This article presents analytical and simulation studies of
intense heavy ion beam propagation, including the injection,
acceleration, transport and compression phases, and beam transport
and focusing in background plasma in the target chamber. Analytical
theory and simulations that support the High Current Experiment
(HCX), the Neutralized Transport Experiment (NTX), and the advanced
injector development program, are being used to provide a basic
understanding of the nonlinear beam dynamics and collective
processes, and to develop design concepts for the next-step
Integrated Beam Experiment (IBX), an Integrated Research Experiment
(IRE), and a heavy ion fusion driver.
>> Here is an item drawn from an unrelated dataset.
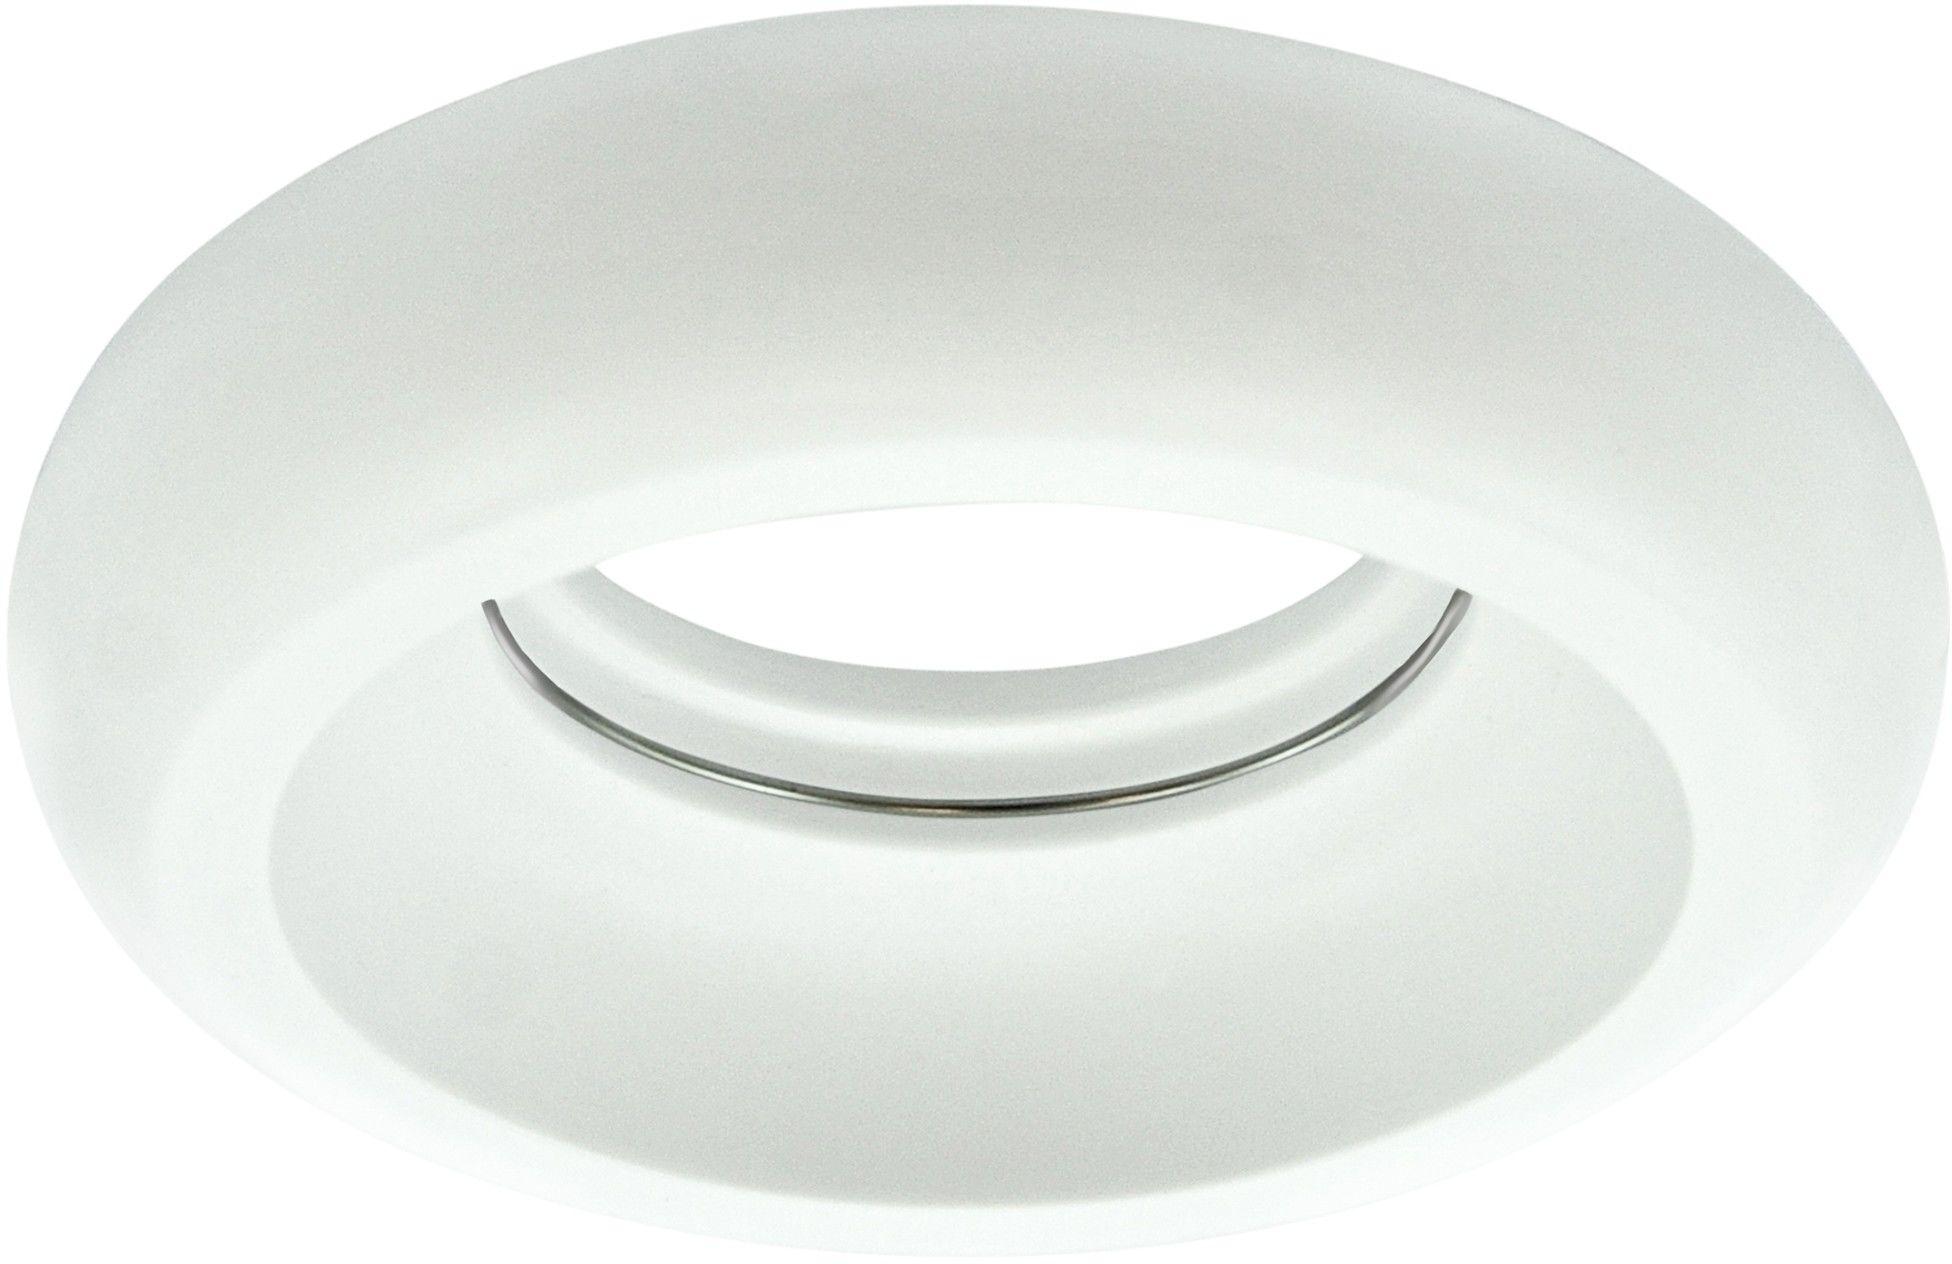 Oczko podtynkowe gipsowe 1x5W LED 12V HELIOS białe matowe 310002 POLUX/SANICO

Three-dimensional nonlinear
perturbative simulations have been applied to collective
instabilities driven by beam temperature anisotropy, and to
two-stream interactions between the beam ions and any unwanted
background electrons; three-dimensional particle-in-cell
simulations of the 2-MV electrostatic quadrupole (ESQ) injector
have clarified the influence of pulse rise time; analytical
studies and simulations of the drift compression process have
been carried out; syntheses of a four-dimensional particle
distribution function from phase-space projections have been
developed; and studies of the generation and trapping of stray
electrons in the beam self-fields have been performed.
Particle-in-cell simulations, involving preformed plasma, are
being used to study the influence of charge and current
neutralization on the focusing of the ion beam in NTX and in
a fusion chamber.